An important element of this enterprise was training the Comunn Eachdraidh members to put their information online.  The project won a funding award from Heritage Lottery Scotland and was managed by Tristan ap Rheinault (a Gaelic speaker of Welsh origin) and his colleague Donna Dorris… They coordinated the challenging task of training all the volunteers while liaising with the University on the development of the Content Management System which sat behind the website. Many Comunn Eachdriadh members and volunteers consisted mainly of older people, who were themselves repositories of local knowledge, but who were in the early stages of their entry into the digital generation.  The project developed a team of people who went round to the various island communities to encourage, support and train them on the digitisation project.

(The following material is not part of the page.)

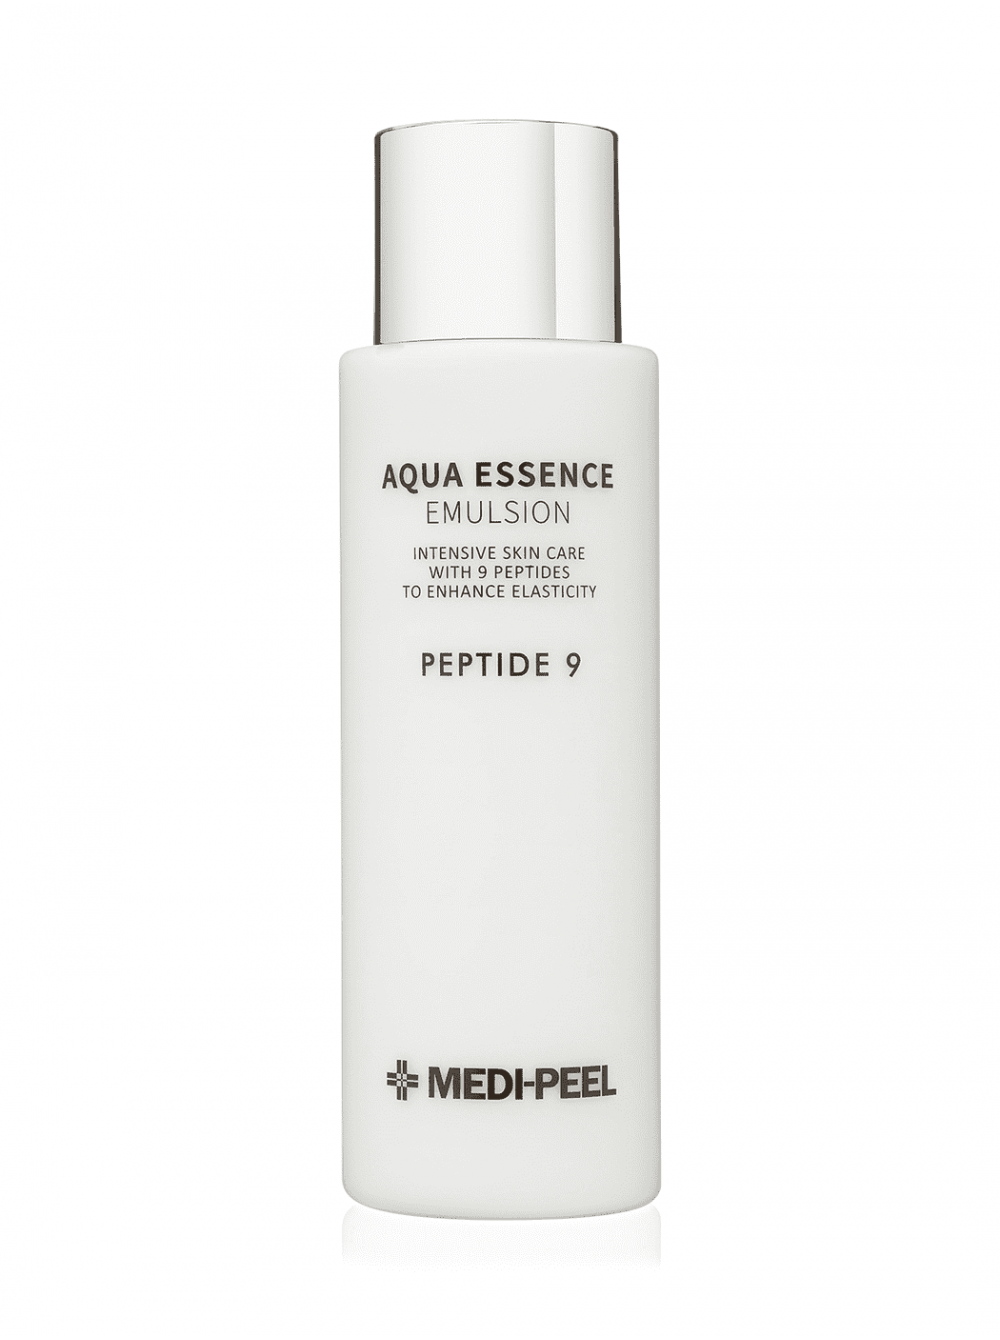 Medi peel aqua essence toner. Medi-Peel Aqua Essence Emulsion Peptide 9 250мл. Medi Peel Aqua Essence Emulsion. Medi Peel Emulsion Peptide 9. Emulsion Medi Peel Tox.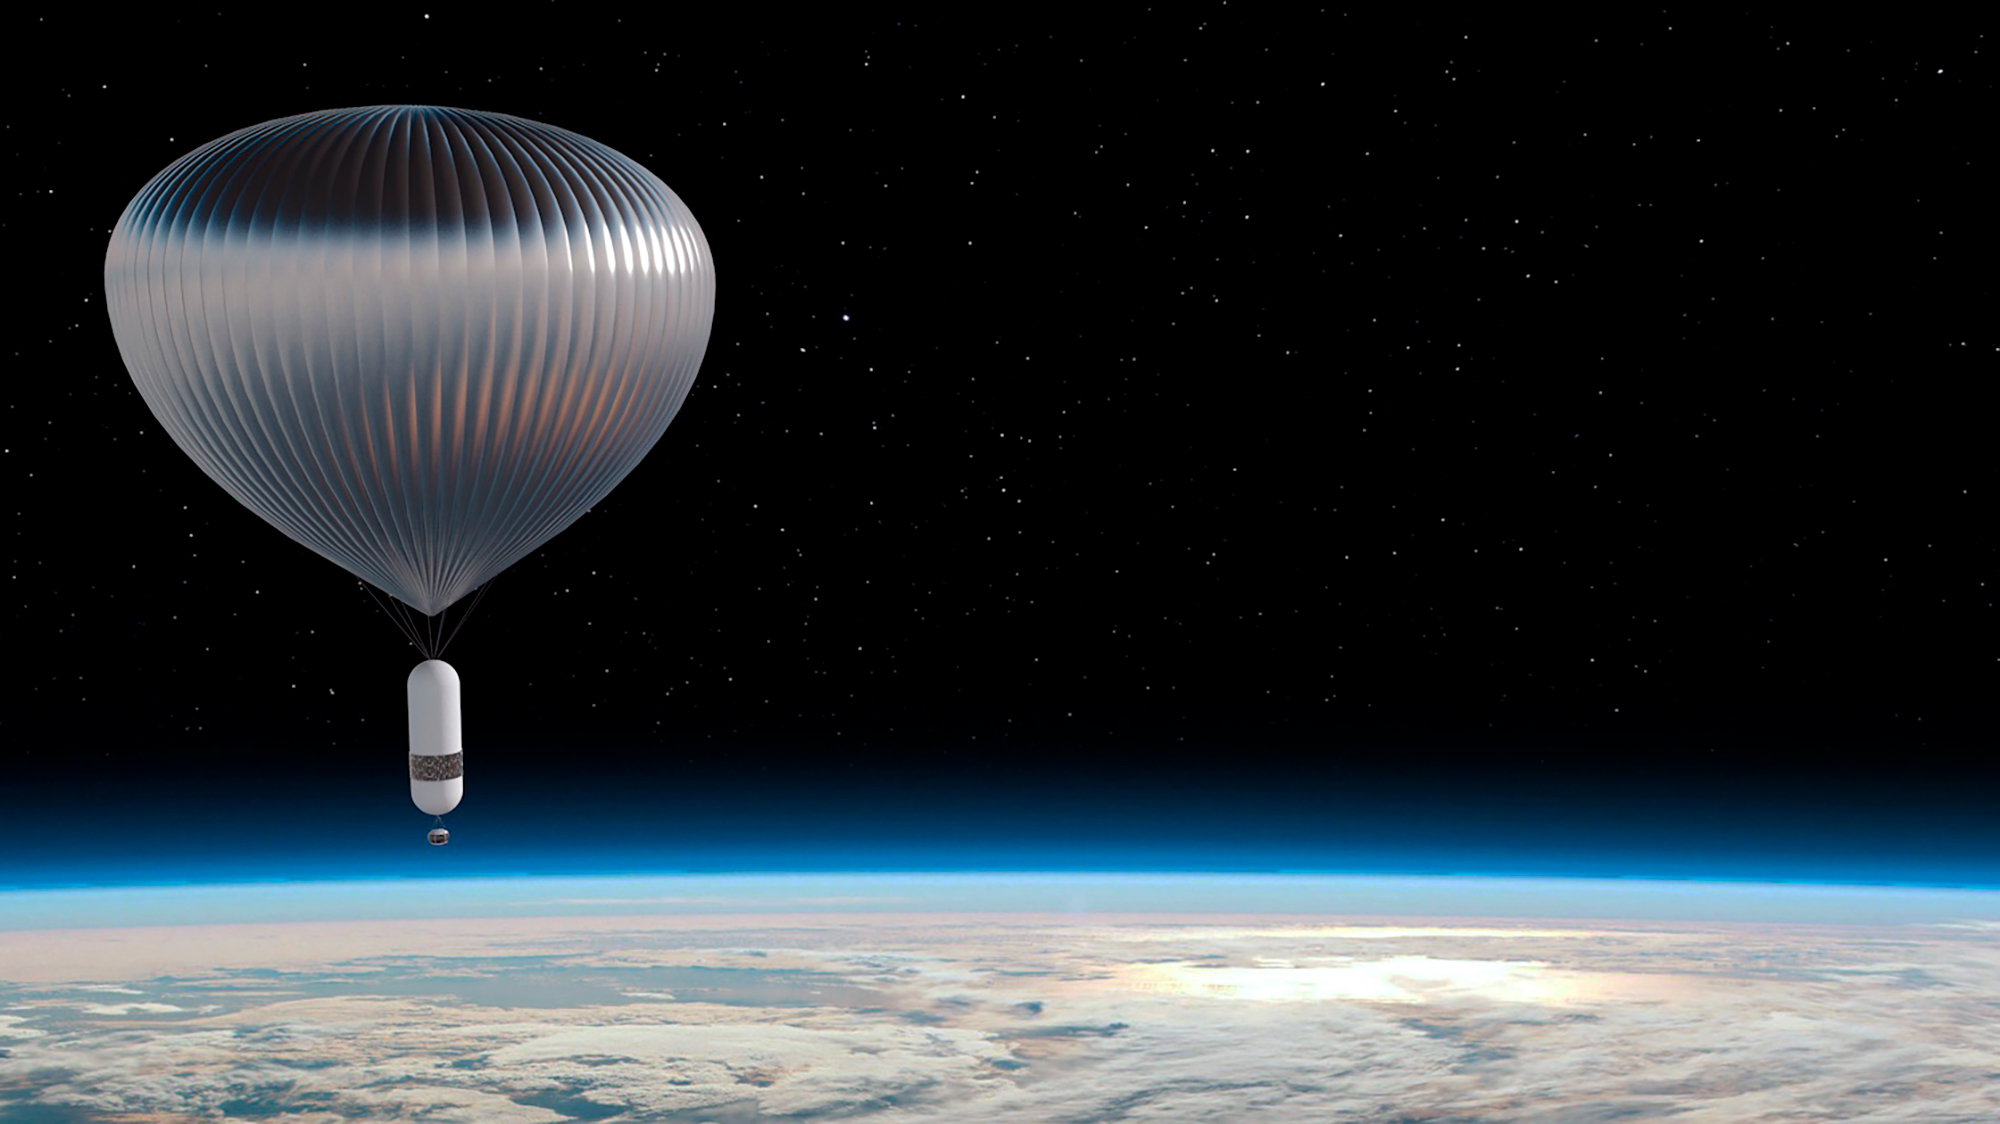 Le ballon stratosphérique de Zephalto. Haut de 130 mètres, il sera utilisé pour des vols habités à 25 kilomètres d'altitude et le transport d'expériences ou de charges utiles pour des applications scientifiques et industrielles. © Zephalto

Hebridean Connections is now staffed by a small group of enthusiastic people based in the Heritage Service in Stornoway. Calls are fielded by Tina Maclean and Caroline Brick on a part time basis.  Tristan is working as a private consultant these days but still living on Lewis and Donnie has several volunteer responsibilities including his role as a director of the Muaitheabheal Community Windfarm Trust and the Western Isles Development Trust.  The Hebridean Connections website is now in the process of a further refresh due which will add new facilities to the ever growing archival system.  The living history of the Islands is alive and well in their hands but is best appreciated by meeting and talking with the people who embody it in a landscape which holds so many resonances of times past and present.